Nature of transposon-mediated high-level gentamicin resistance in Enterococcus faecalis isolated in the United Kingdom.

作者信息

Simjee S, Manzoor S E, Fraise A P, Gill M J

机构信息

Division of Immunity and Infection, The Medical School, University of Birmingham, Edgbaston, Birmingham B15 2TT, UK.

出版信息

J Antimicrob Chemother. 2000 May;45(5):565-75. doi: 10.1093/jac/45.5.565.

Abstract

Forty-two high-level gentamicin-resistant (MIC > 1000 mg/L) strains of Enterococcus faecalis, isolated from diverse geographical locations throughout the UK between 1993 and 1995, were studied to identify the nature of the high-level gentamicin-resistant determinants and the possibility of these determinants being associated with a transposon. High-level gentamicin resistance was attributed to the synthesis of the bifunctional (AAC6'-APH2") aminoglycoside-modifying enzyme. The aac6'-aph2" gene, which was present on a 70 kb plasmid in all 42 isolates, could be transferred by conjugation in association with the 70 kb plasmid in 39 of the isolates studied.

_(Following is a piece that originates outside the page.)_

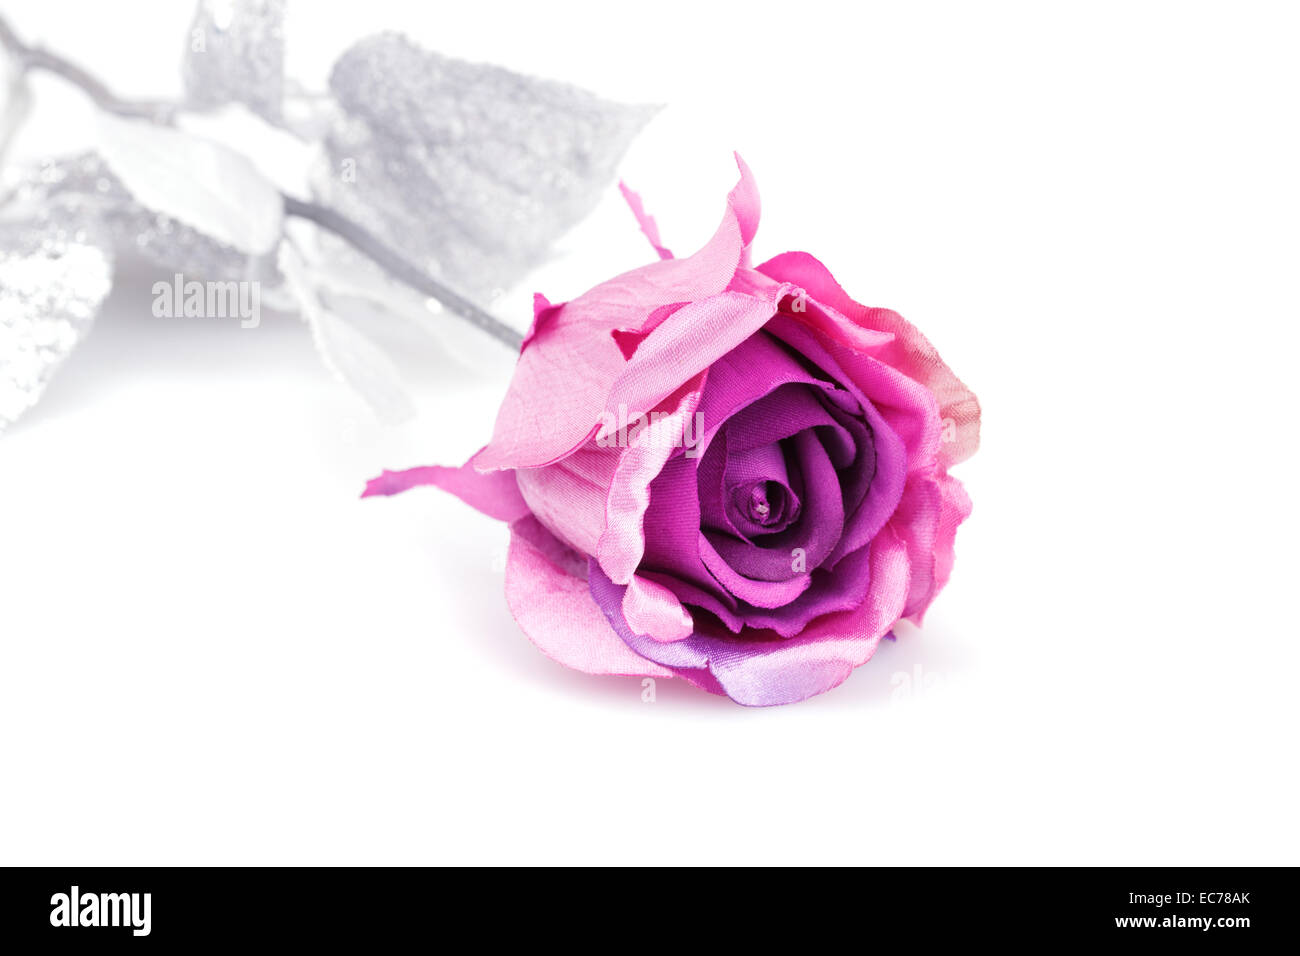 https://c8.alamy.com/comp/EC78AK/pink-rose-isolated-on-white-background-EC78AK.jpg
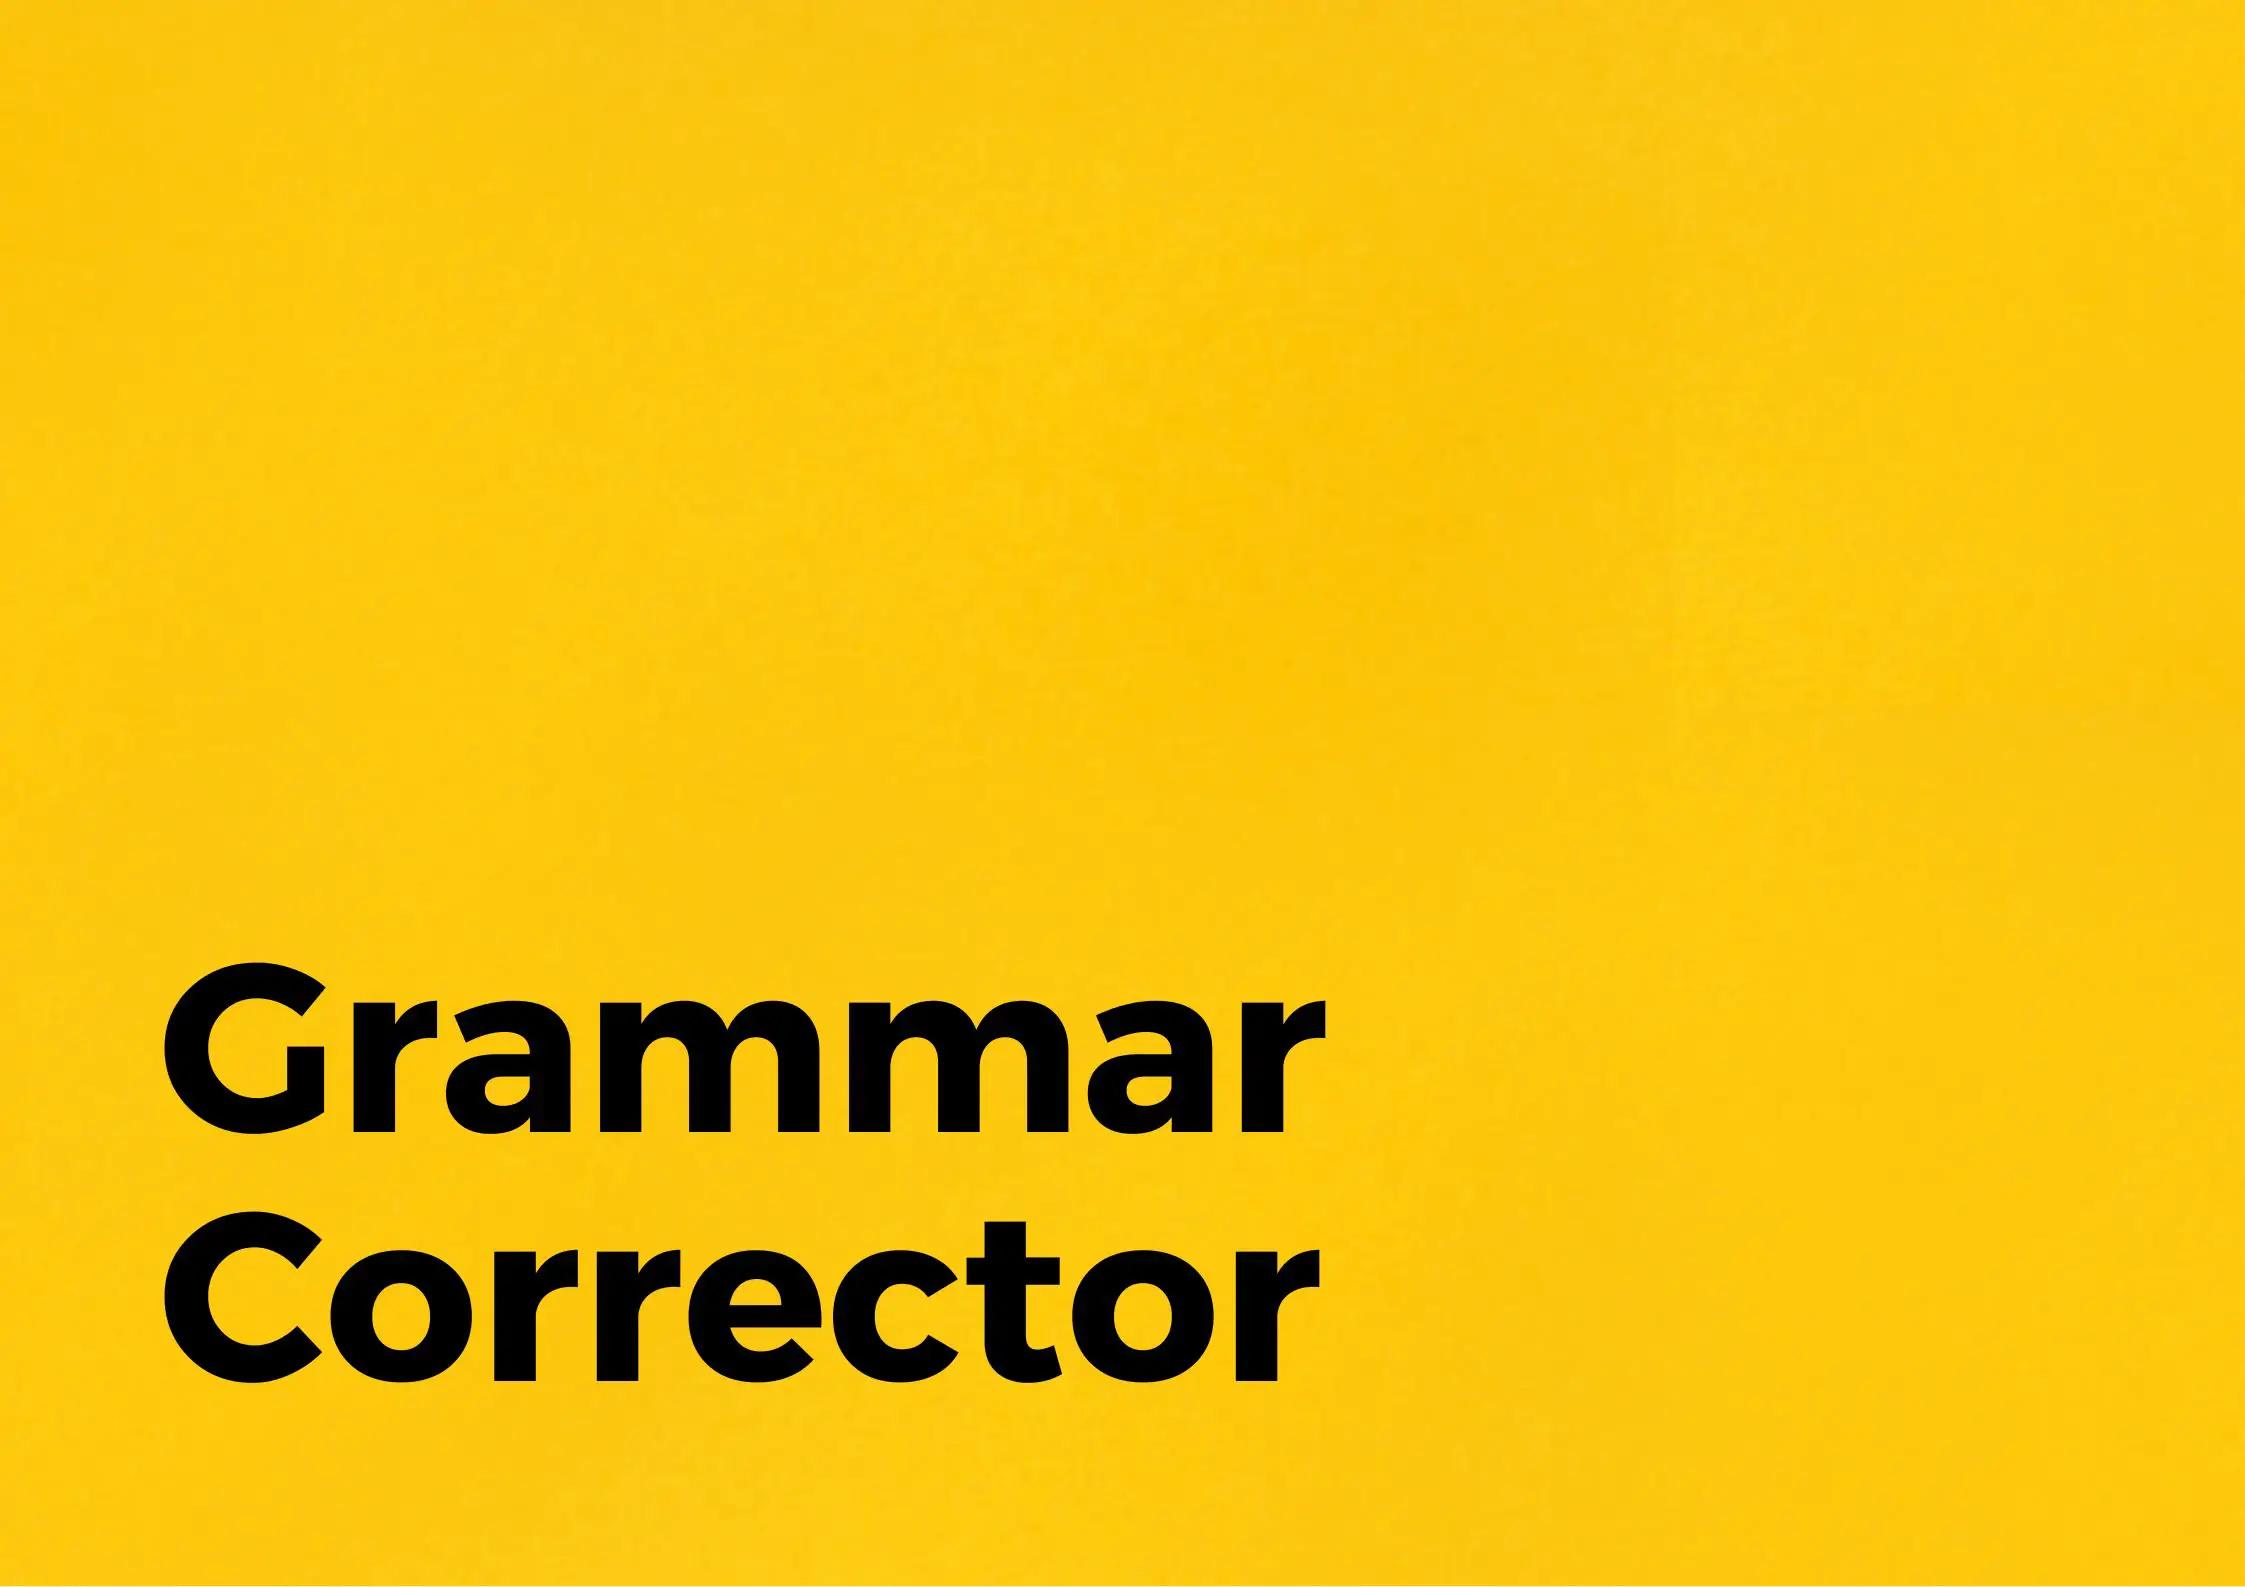 grammar corrector uk

In three E. faecalis isolates, however, the high-level gentamicin resistance was transferable independent of the 70 kb plasmid, suggesting the presence of a conjugative transposon. Long-PCR studies showed that all 42 clinical isolates harboured a transposon similar to Tn5281, originally identified in E. faecalis strain HH22 isolated in the USA. Restriction endonuclease and Southern hybridization analysis of the UK transposon showed that it is closely related to the high-level gentamicin resistance-conferring transposon Tn5281. However, the UK transposon lacks the HaeIII site identified in Tn5281. Pulsed-field gel electrophoresis analysis identified seven different patterns. Further studies with nine restriction endonucleases showed that the aac6'-aph2" gene was associated with nine different plasmid types in E. faecalis.

摘要

1993年至1995年间,从英国各地不同地理位置分离出42株粪肠球菌高水平庆大霉素耐药菌株(MIC>1000mg/L),对其进行研究以确定高水平庆大霉素耐药决定簇的性质以及这些决定簇与转座子相关的可能性。高水平庆大霉素耐药归因于双功能(AAC6'-APH2")氨基糖苷修饰酶的合成。aac6'-aph2"基因存在于所有42株分离株的70kb质粒上,在所研究的39株分离株中,该基因可与70kb质粒一起通过接合转移。然而,在三株粪肠球菌分离株中,高水平庆大霉素耐药可独立于70kb质粒进行转移,提示存在接合转座子。长PCR研究表明,所有42株临床分离株均含有一个与Tn5281相似的转座子,Tn5281最初是在美国分离的粪肠球菌菌株HH22中鉴定出来的。对英国转座子的限制性内切酶和Southern杂交分析表明,它与赋予高水平庆大霉素耐药性的转座子Tn5281密切相关。然而,英国转座子缺乏Tn5281中鉴定出的HaeIII位点。脉冲场凝胶电泳分析确定了七种不同的模式。用九种限制性内切酶进行的进一步研究表明,aac6'-aph2"基因与粪肠球菌中的九种不同质粒类型相关。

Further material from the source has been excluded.